Пушкин в эмиграции 1937 / Сост., коммент., вступит. очерк Вадима Перельмутера. - М.: Прогресс-Традиция, 1999, 800 с.
НЕ ХОТЕЛОСЬ бы, чтобы эту пушкинскую книгу приняли за пушкинистскую. Сам составитель, кстати, пушкинистом себя не считает. Да и что это за наука такая - пушкинистика? У первых "пушкинистов" прошлого века, Пыпина, Майкова, работы о Пушкине - в общем историко-литературном контексте. А блистательный очерк "Образ совершенства", на котором у меня, например, в этой книге уже лежит закладочка, принадлежит принципиальному не-пушкинисту Бицилли. В книге, среди прочих, нет статей М.Гофмана, единственного "пушкиноведа" эмиграции, есть его обзор юбилейной выставки в Париже. Выбор составителя книги вполне определен: статьи, нам представленные, писаны наиболее авторитетными литераторами, философами, филологами Русского Зарубежья специально к Пушкинским торжествам, и, передавая общие настроения русской диаспоры в тот памятный год, более принадлежат истории русского рассеяния, чем науке о солнце нашей поэзии.

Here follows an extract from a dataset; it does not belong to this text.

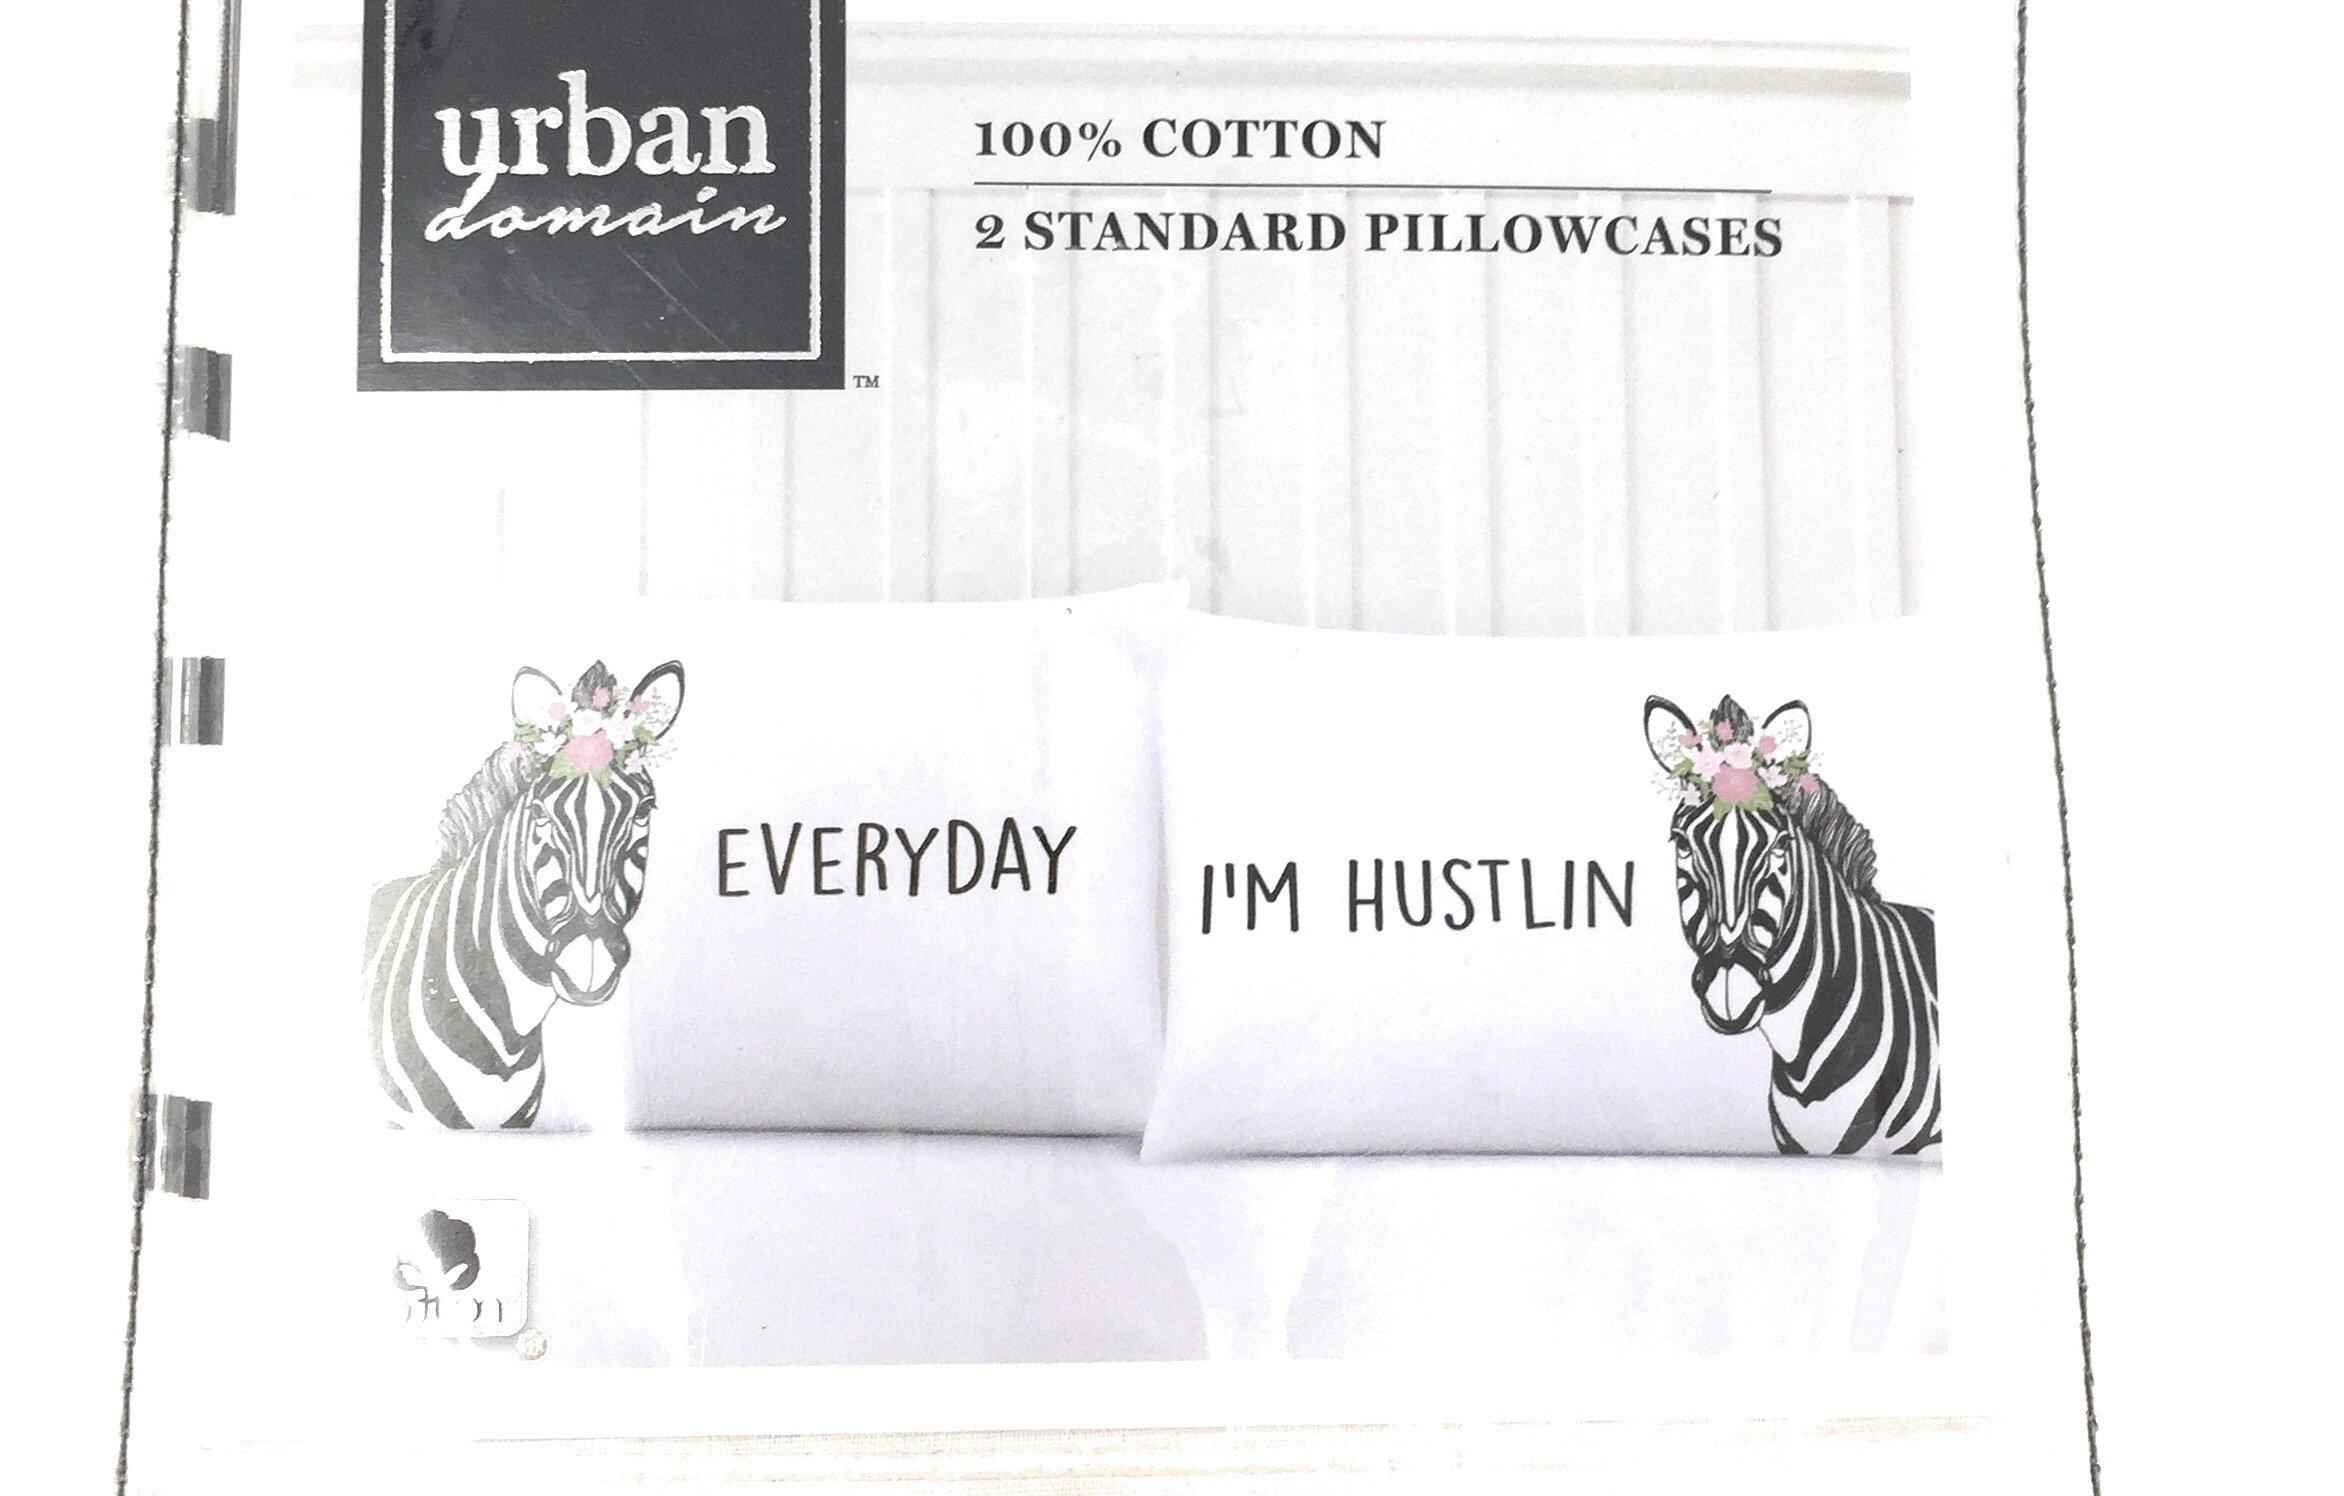 Urban Domain|100% Cotton|2-Standard Pillowcases|EVERYDAY I'M HUSTLIN

Это сюжетная книга. Книга о том, как эмиграция строила самый большой в мире памятник Пушкину, или маяк. Когда целый мир - чужбина, отечество - это язык, на котором говоришь и пока еще можешь чувствовать. В стране, что звалась Россией, уже 20 лет как сбросили Пушкина с парохода современности, "наш Пушкин" звучало в устах уехавших утверждением того, что Пушкин не остался там, по ту сторону границ, он тоже уехал на чужбину (на "пароходе философов" в 1922 году?), что они, "унеся с собой Россию" (Р.Гуль), свое все унесли с собой. Первым внятно высказался об этом Г.Адамович: "┘ну, конечно, в Москве уклонились в одну сторону, у нас в другую; там обнаружили у Пушкина социалистические предчувствия, здесь особенно настаивали на том, что торжество "наше", бесспорно-эмигрантское┘".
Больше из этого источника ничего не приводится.